Surrender by change in nature of tenants occupation. A surrender is implied
when the tenant remains in occupation of the premises in a capacity
inconsistent with his being tenant, where, for instance, he becomes the
landlords employee, or where the parties agree that the tenant is in future to
occupy the premises rent free for life as a license. An agreement by the tenant
to purchase the reversion does not of itself effect a surrender, as the
purchase is conditional on a good title being made by the landlord.
In
Hill and Redmans Law of Landlord and Tenant (16th Edn.) at page 451 it is
observed that a surrender does not follow from a mere agreement made during the
tenancy for the reduction or increase of rent, or other variation of its terms,
unless there is some special reasons to infer a new tenancy, where, for
instance, the parties make change in the rent under the belief that the old
tenancy is at an end.
In
N.M. Ponniah Nadar v. Smt. Kalakshmi Ammal, {1989(1) SCC 64} a three-Judge
Bench of this Court found that an arrangement by which rent of the building was
increased in respect of existing tenancy will not bring an end to the
pre-existing lease.
In
Krishna Kumar Khema v.

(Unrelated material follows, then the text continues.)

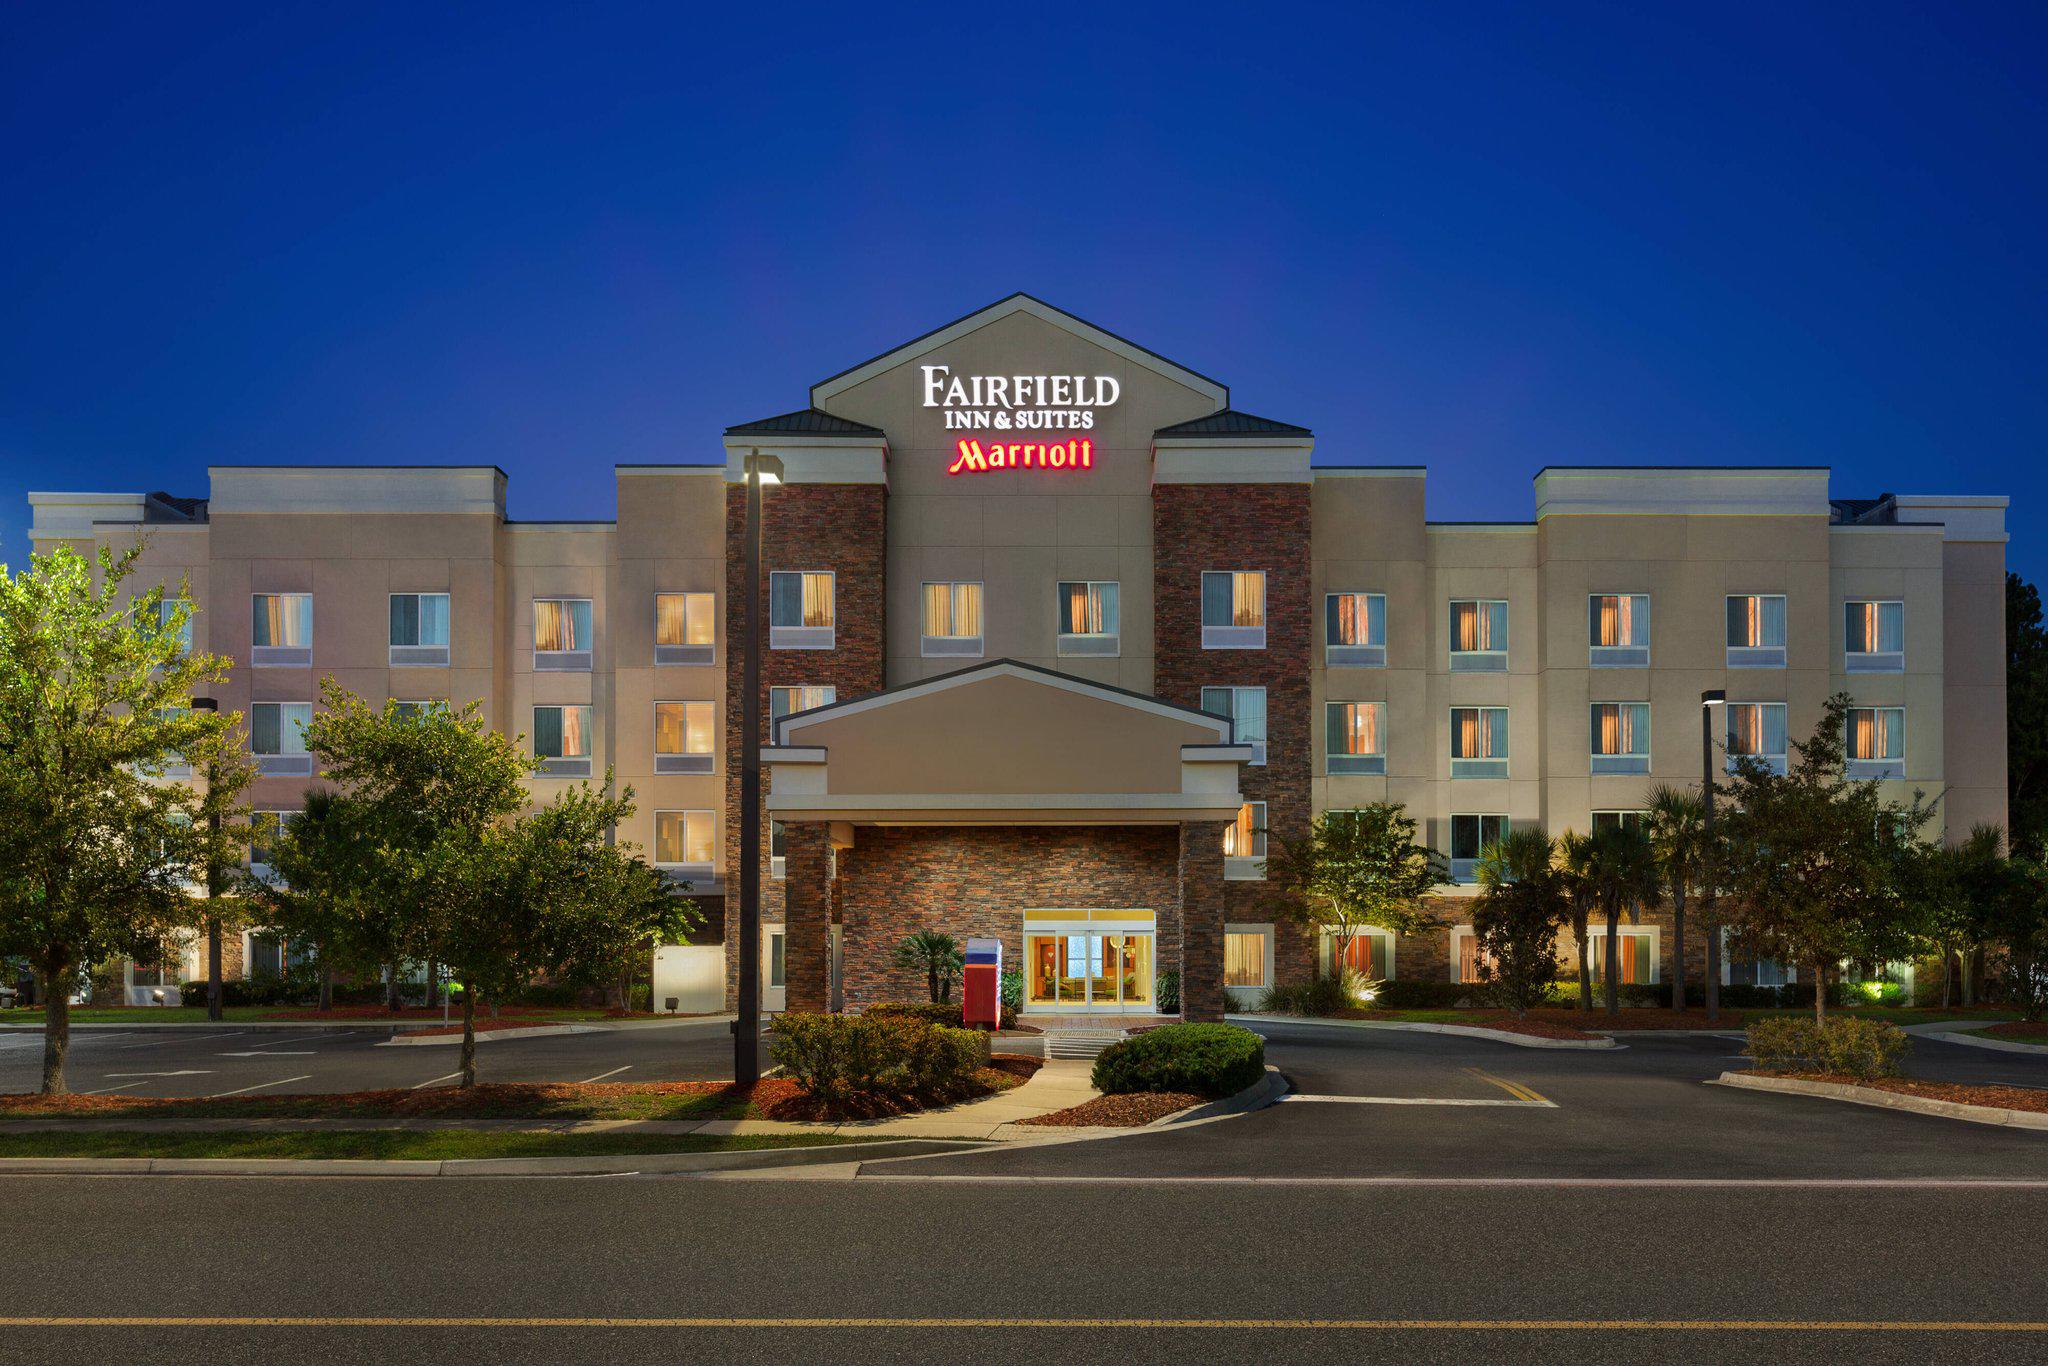 Fairfield Inn & Suites by Marriott Jacksonville West/Chaffee Point.

Grindlays Bank {1990 (3) SCC 669} a two-Judge Bench of
this Court held thus:
Surrender
of a part does not amount to implied surrender of the entire tenancy and the
rest of the tenancy remains untouched. Likewise the mere increase or reduction
of rent also will not necessarily import a surrender of an existing lease and
the creation of a new tenancy.
Assuming
that Ext.A.1 has created a new lease after terminating the erstwhile lease, the
difficulty is that the grip of the ban contained in the third proviso would
still continue to foreclose the landlord from filing the petition for a period
of one year from the new lease deed. This is because the landlords right to
recover possession would then arise under that instrument of lease, which would
also be a transfer inter vivos as envisaged in the third proviso.
In
Blacks Law Dictionary the expression inter vivos is given the following
meaning:
Between
the living; from one living person to another. Where property passes by
conveyance, the transaction is said to be inter vivos, to distinguish it from a
case of succession or devise.
So the
landlord had to wait for a still further period if he were to root his right in
Ex.A1 to recover possession of the building.
As the
third proviso to Section 11(3) disentitles a landlord from applying for
eviction of the tenant before the expiry of the quarantine period, the petition
filed by the landlord in this case has to be dismissed only on that ground. Any
observation made on the merits of the case in the proceeding based on such a
non-maintainable petition must stand erased from judicial notice. If the
present landlord files a new petition for eviction under the Act, as the ban
period is over, the same has to be considered and disposed of uninfluenced by
any of the observations made by the High Court or the courts below thereto.
The
appeal is dismissed in the above terms, without any order as to costs.